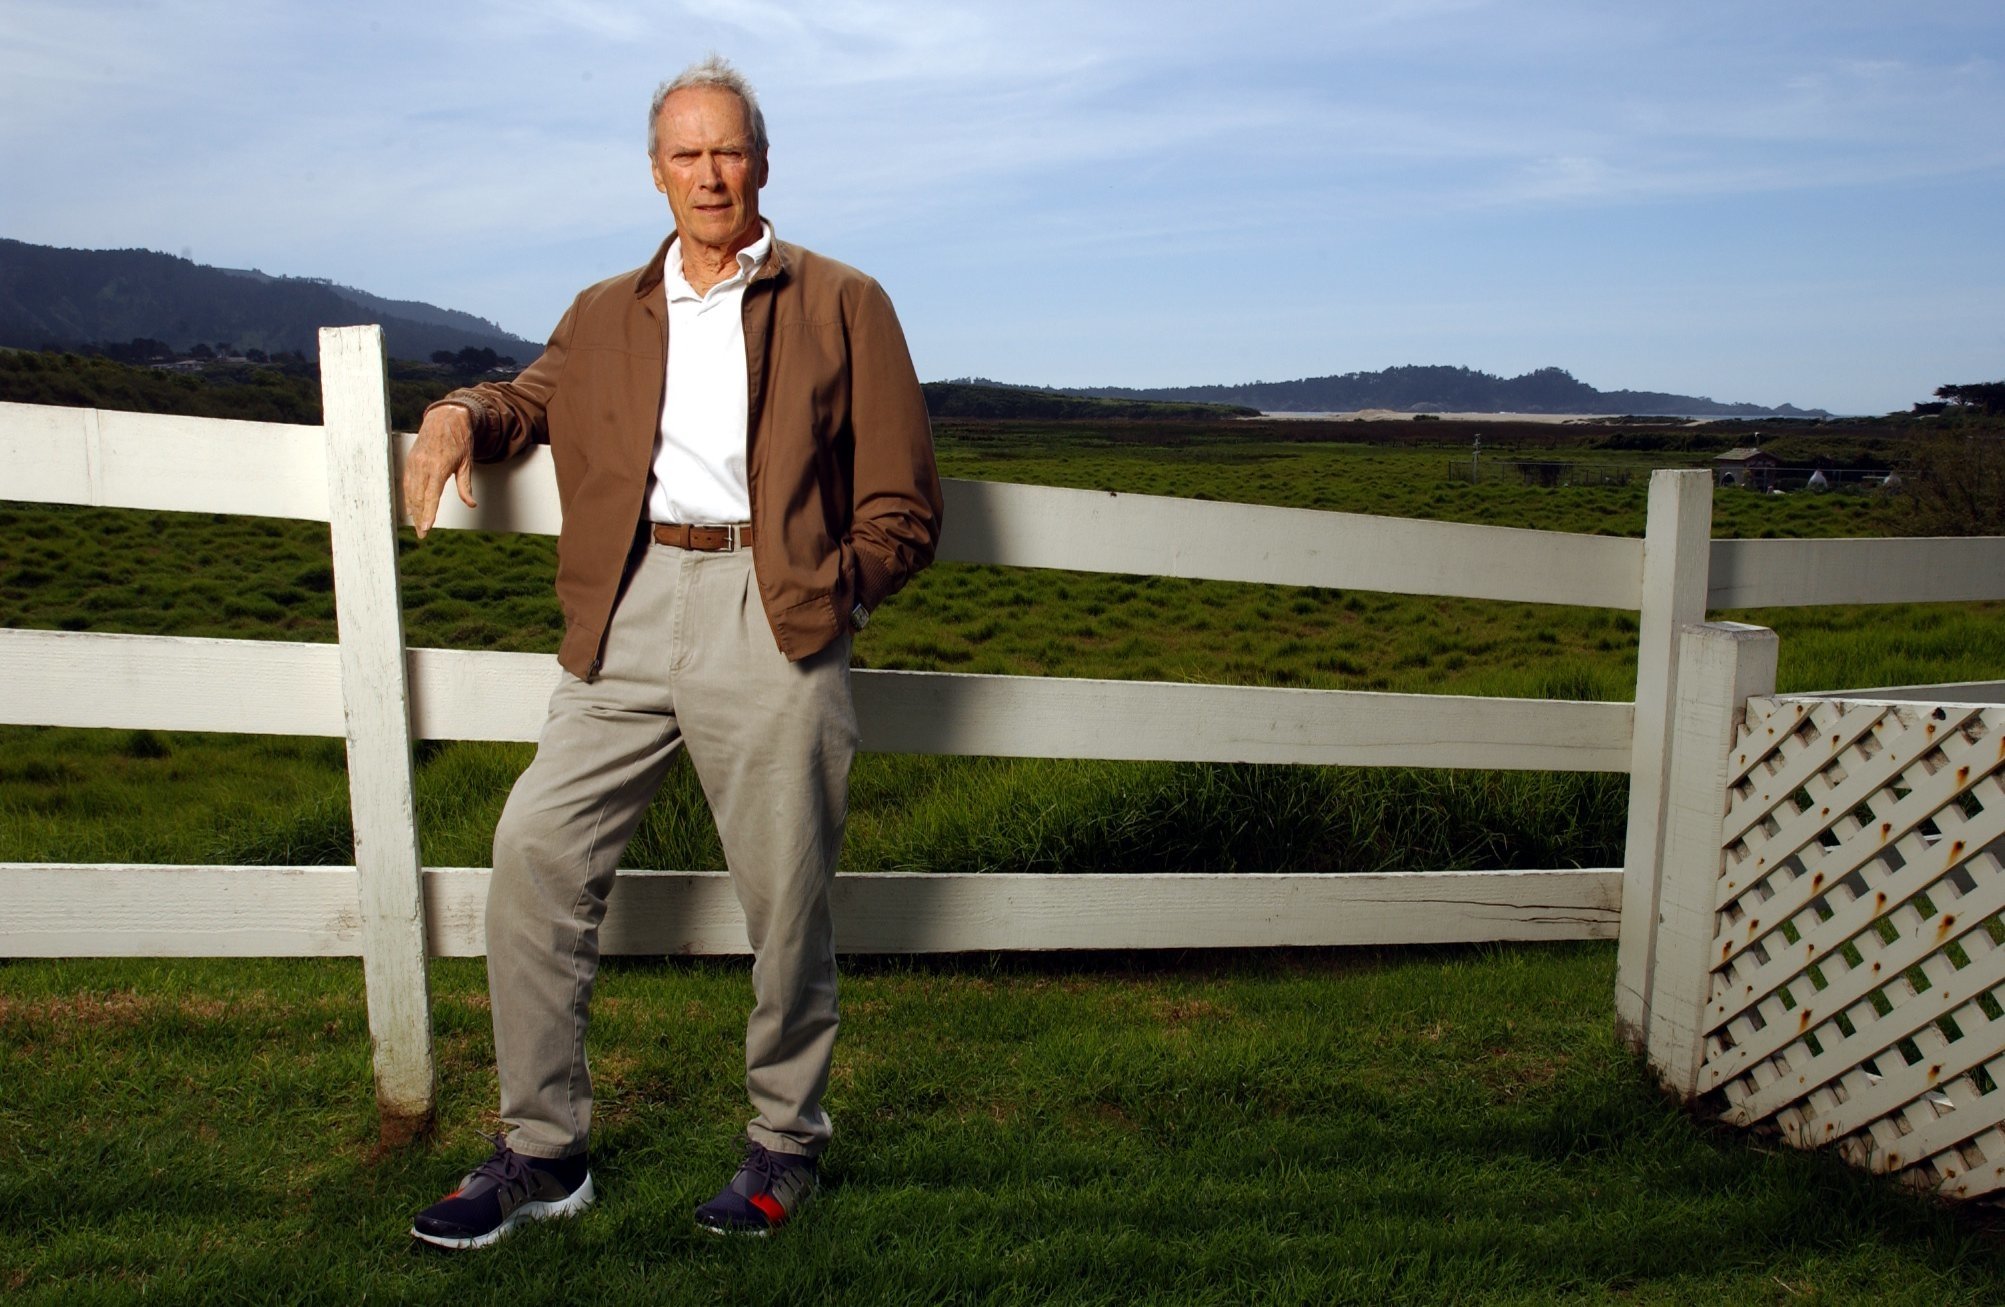 L'acteur Clint Eastwood dans son Mission Ranch Inn à Carmel. | Source : Getty Images
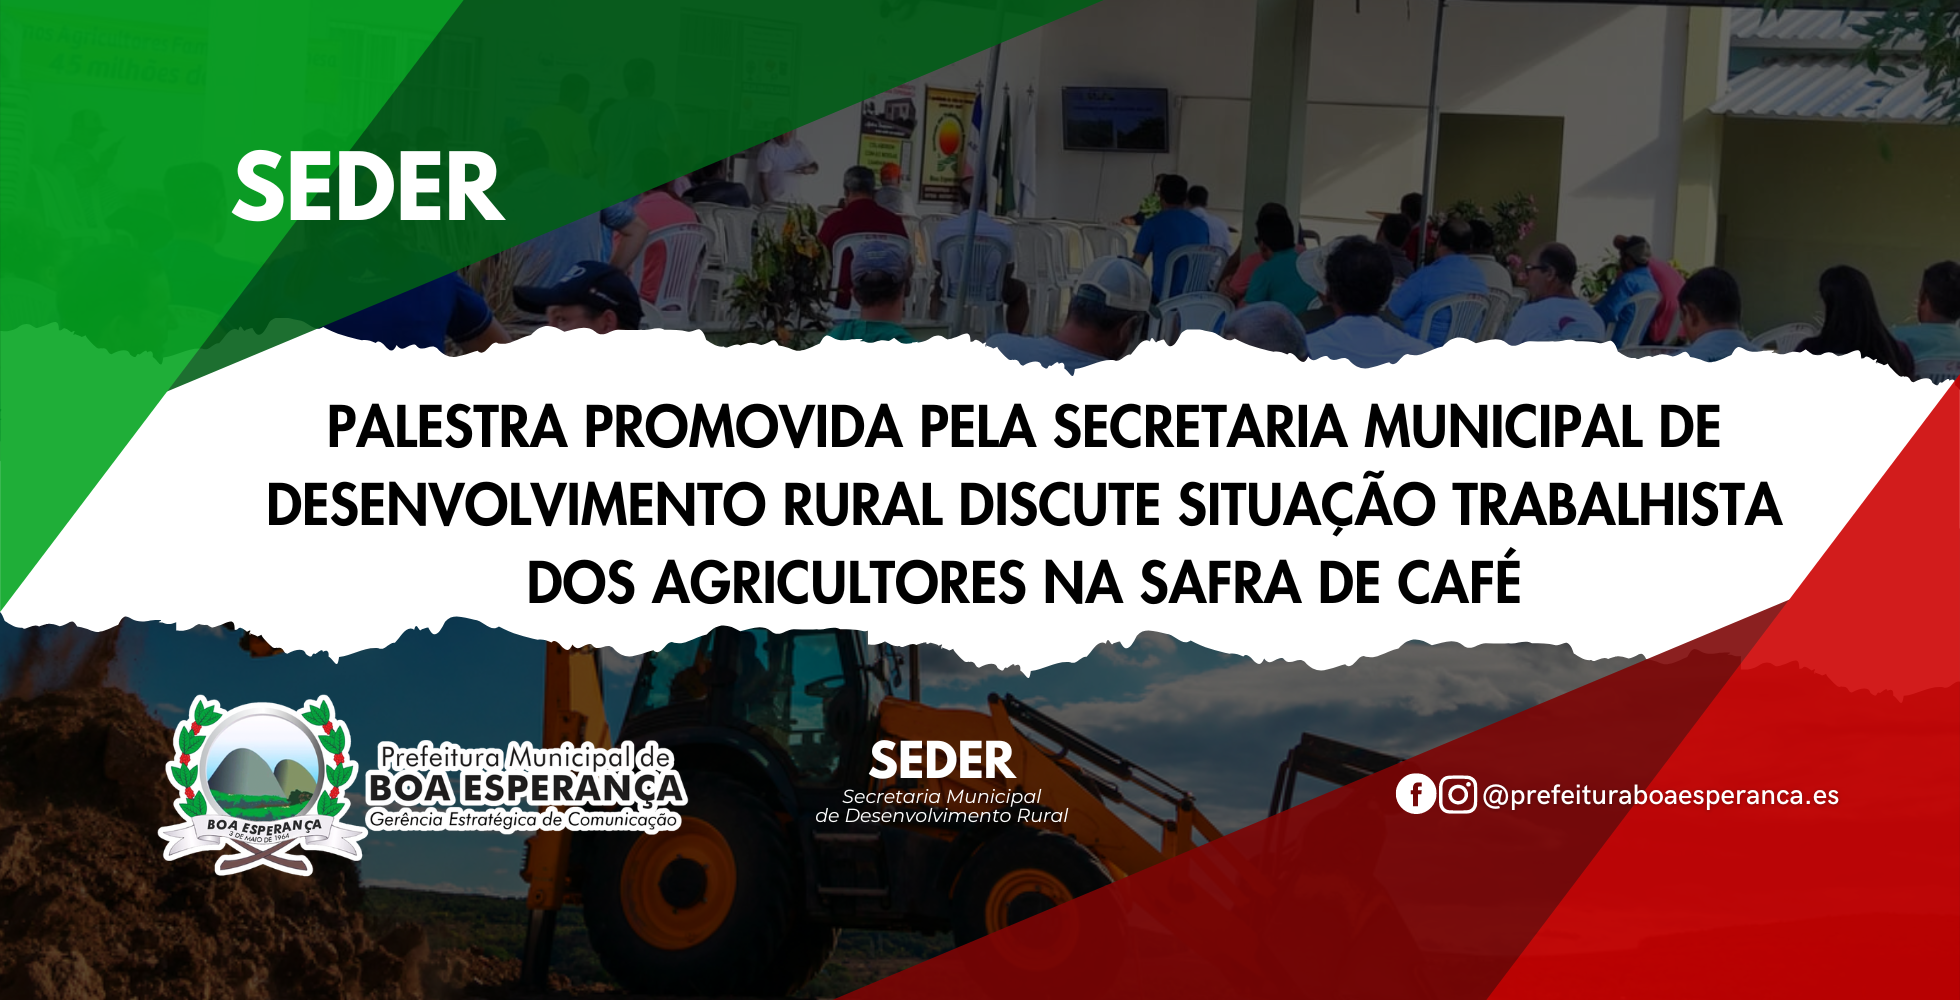 Palestra promovida pela Secretaria Municipal de Desenvolvimento Rural discute situação trabalhista dos agricultores na safra de café
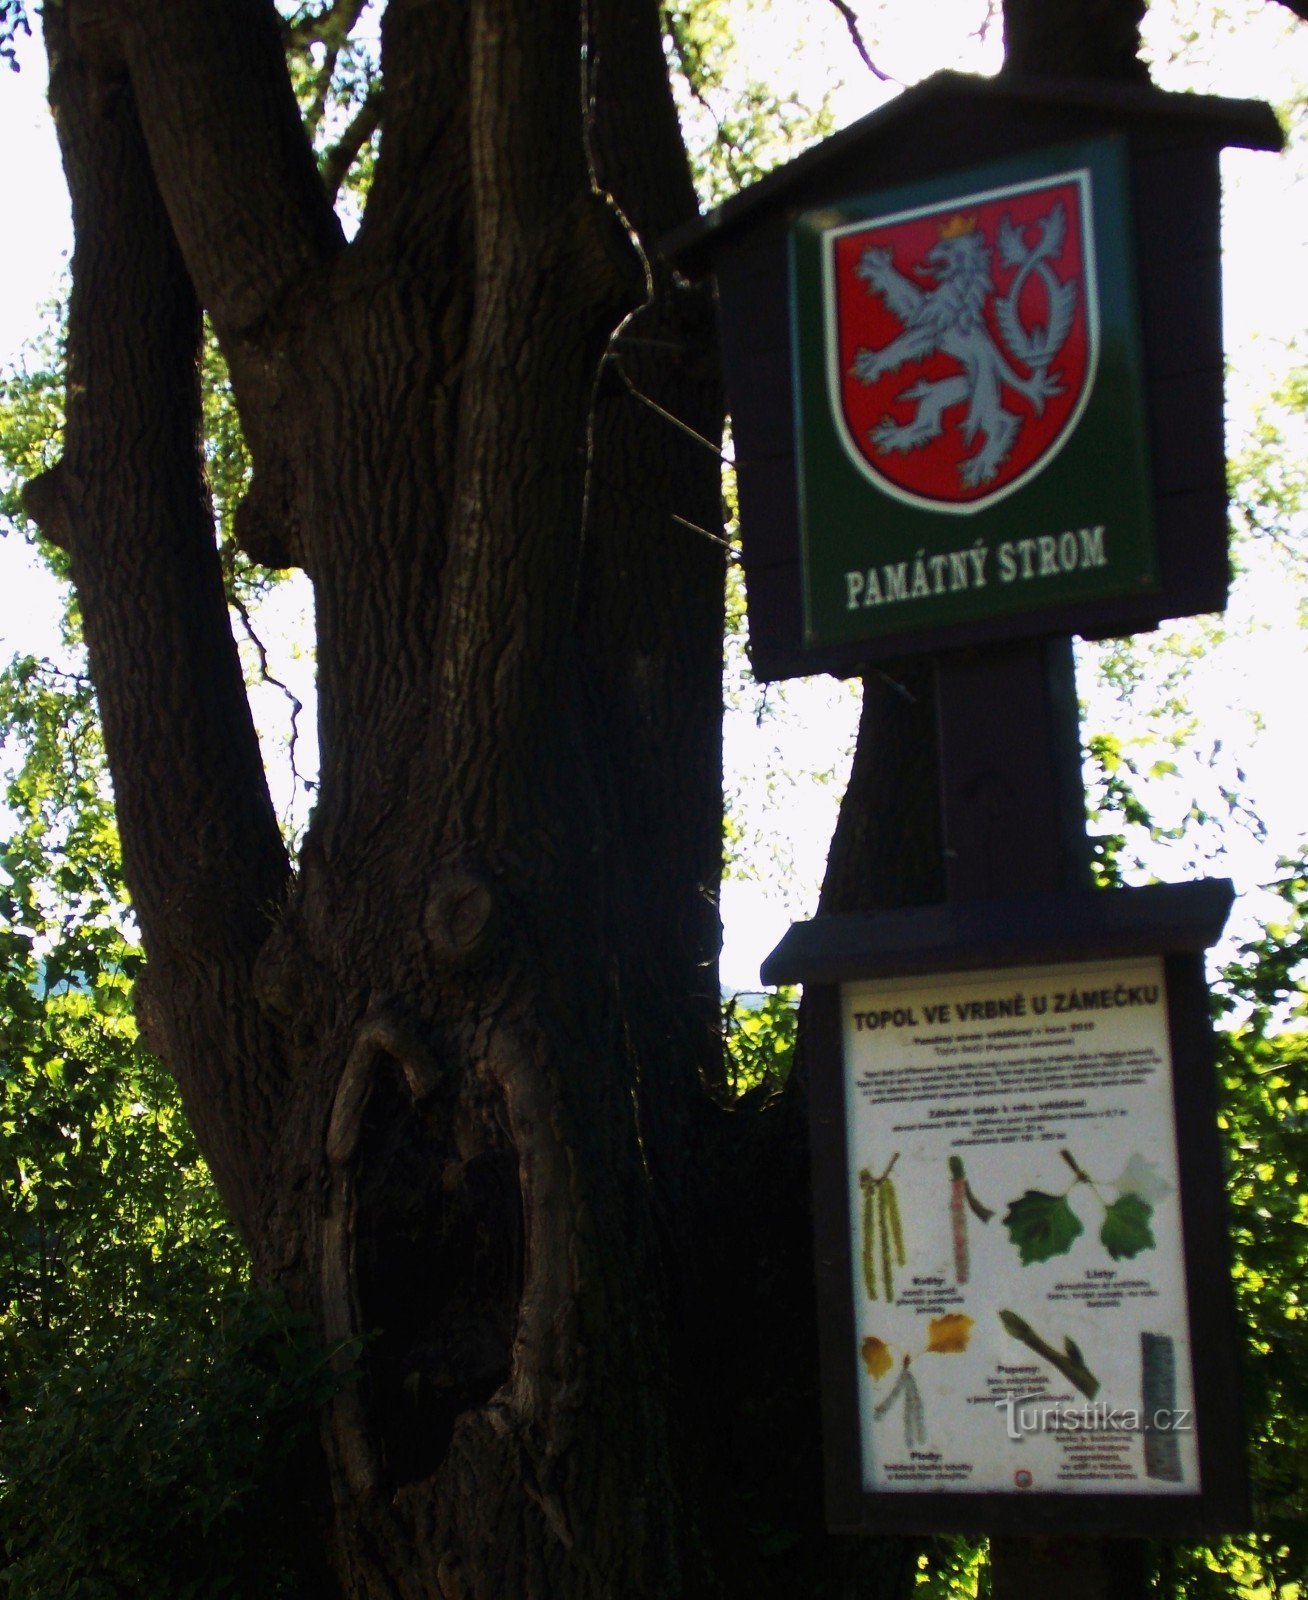 Albero commemorativo - Pioppo grigio vicino al castello di Vrbno pod Pradědem

→ What you have to do
Pictures stay out; reproduce exactly the lines from the one containing "Palestra promovida pela" through the last line of the listing, both included.

→ Expected answer
 Palestra promovida pela Secretaria Municipal de Desenvolvimento Rural discute situação trabalhista dos agricultores na safra de café
 Albero commemorativo - Pioppo grigio vicino al castello di Vrbno pod Pradědem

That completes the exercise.